WASHINGTON -The Obama administration plans to complete its overhaul of U.S. policy on Afghanistan and Pakistan by April, in advance of a critical NATO summit, the White House said yesterday. But even before the reassessment is complete, President Barack Obama is likely to decide on the details of a U.S. troop increase in Afghanistan, Defense Secretary Robert M. Gates said.

"The president will have several options in front of him, and I think he will make those decisions probably in the course of the next few days," Gates said.

Stepping up its efforts in the region, the administration announced that Bruce O. Riedel, a former CIA official and harsh critic of former President George W. Bush's handling of Afghanistan, will chair a White House review.

Now a scholar at the Brookings Institution, Riedel will report to Obama and James L. Jones, the national security adviser. The White House review is one of several in the administration. Riedel's task is to bring together the various strategy proposals.

Riedel accused Bush last month of a "half-hearted effort" in Afghanistan. He supports plans to send additional troops, warning that both Afghanistan and neighboring Pakistan are in a perilous state.

He also has urged stepped-up road construction and economic development. Gates has urged more modest U.S. goals in Afghanistan.

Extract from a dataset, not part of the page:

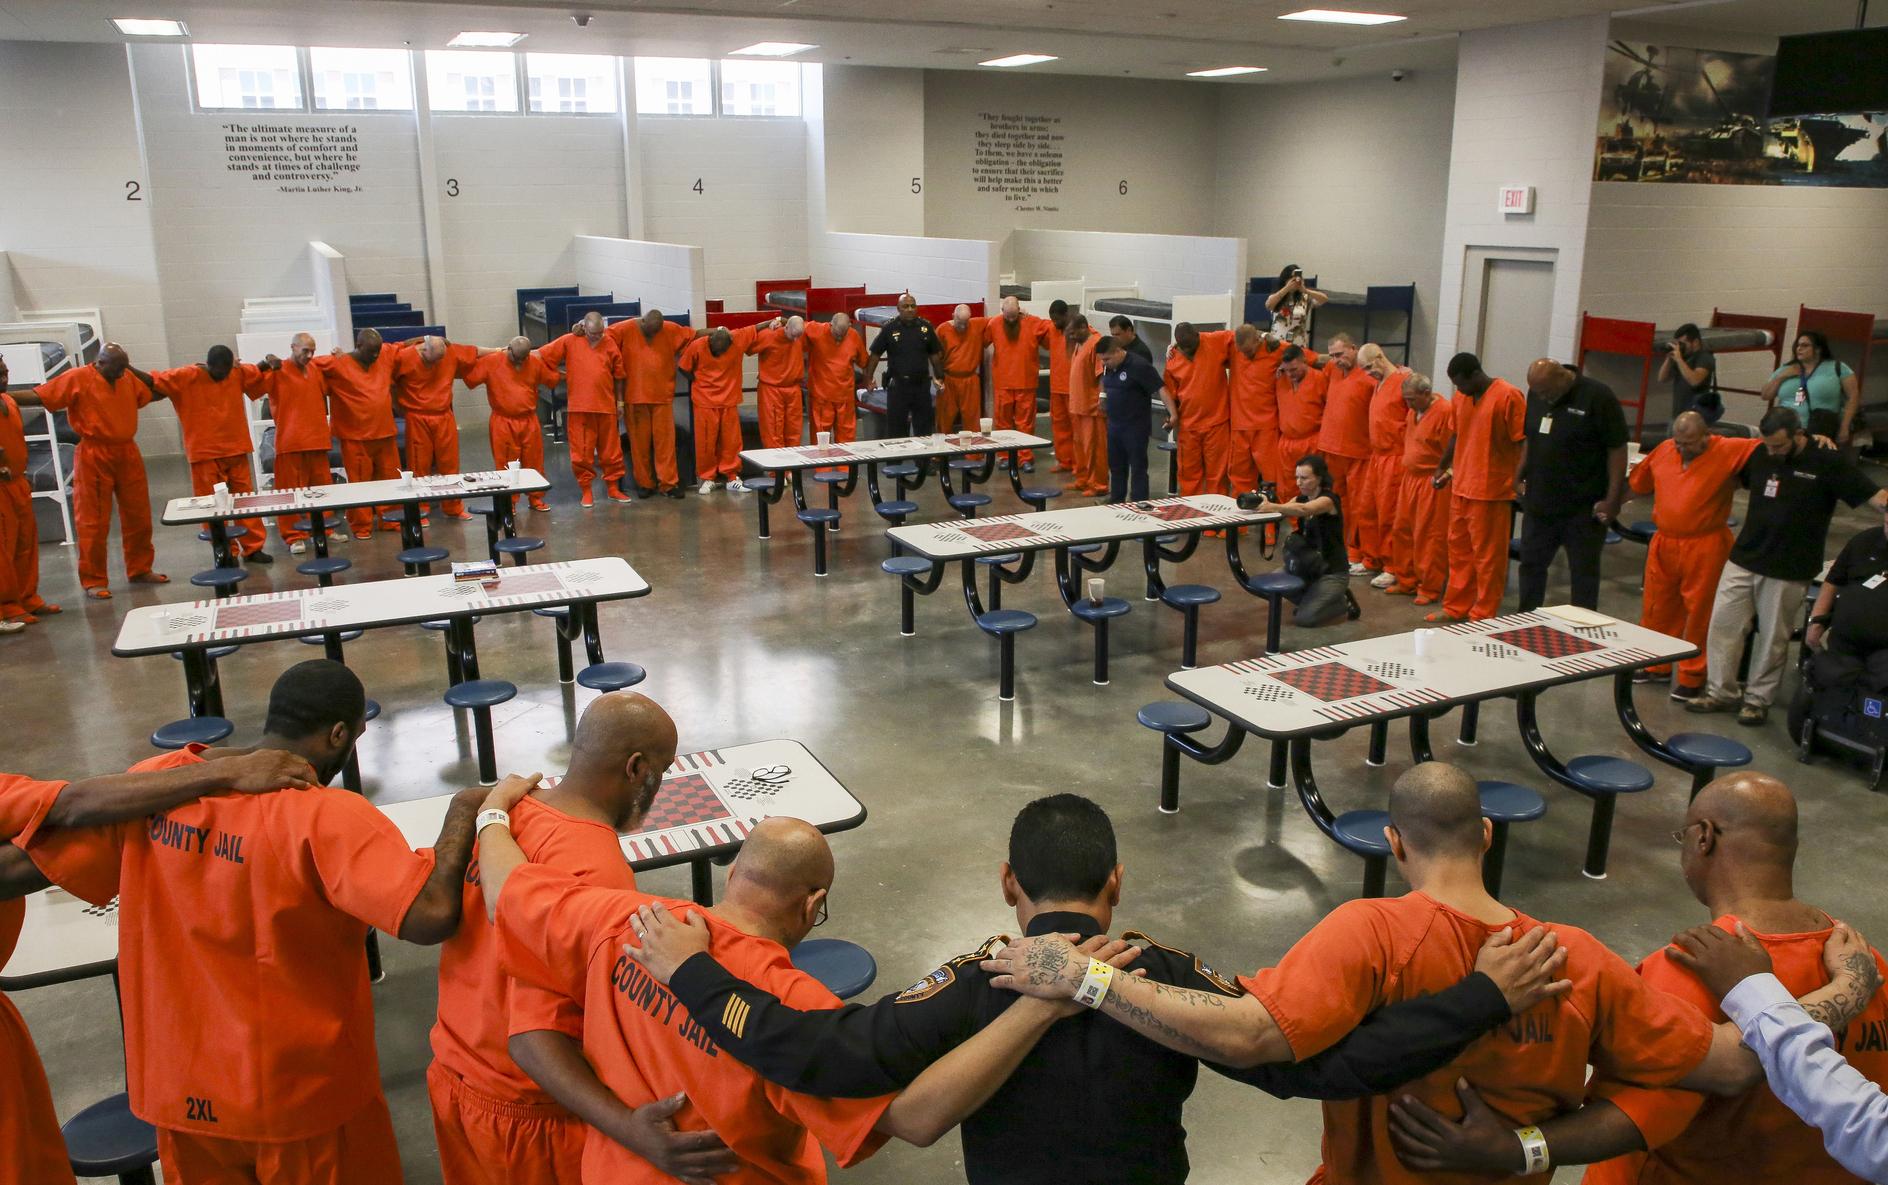 , Texas Jails Were Freezing and Smelled Like Urine, Saubio Making Wealth
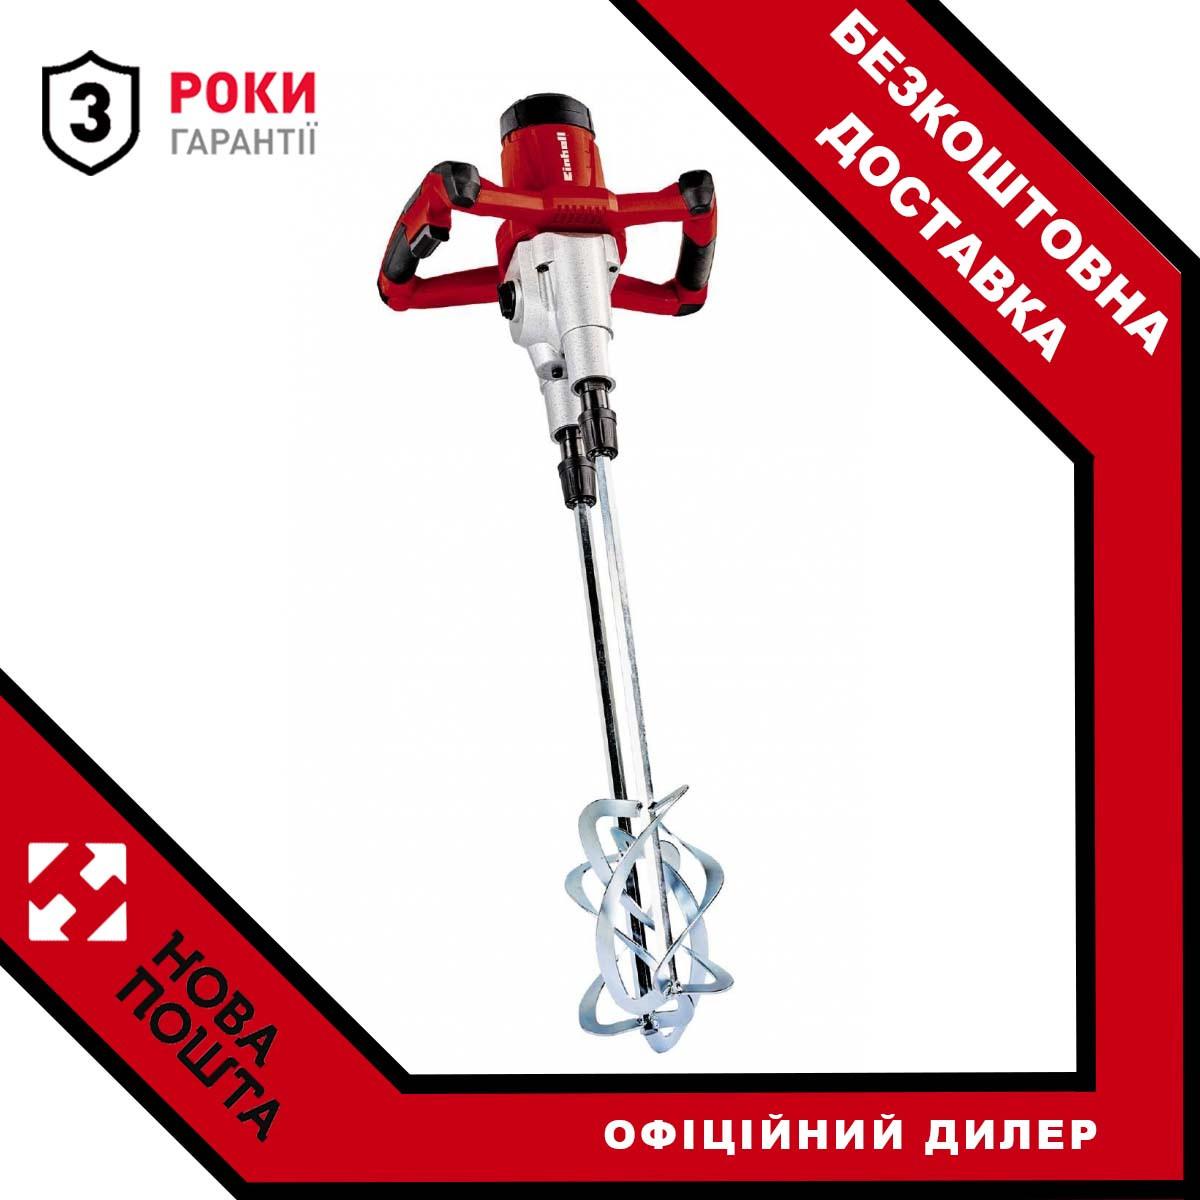 Миксер-мешалка Einhell TE-MX 1600-2 CE Twin New (4258561)

Riedel will lead the review along with Ambassador Richard C. Holbrooke, the special representative to Afghanistan and Pakistan, and Michelle Flournoy, undersecretary of defense for policy. Officials said it must be finished by April, when Obama attends a NATO summit in Europe commemorating the 60th anniversary of the alliance.

Obama offered a hint of his likely policy at his news conference Monday, saying a key goal would be eliminating havens in Afghanistan and Pakistan in which the Taliban and other extremist groups operate.

U.S. commanders have said they could send 30,000 more troops to Afghanistan this year, nearly doubling the American contingent. Gates has said two brigades could be ready to go by spring and a third ready by summer.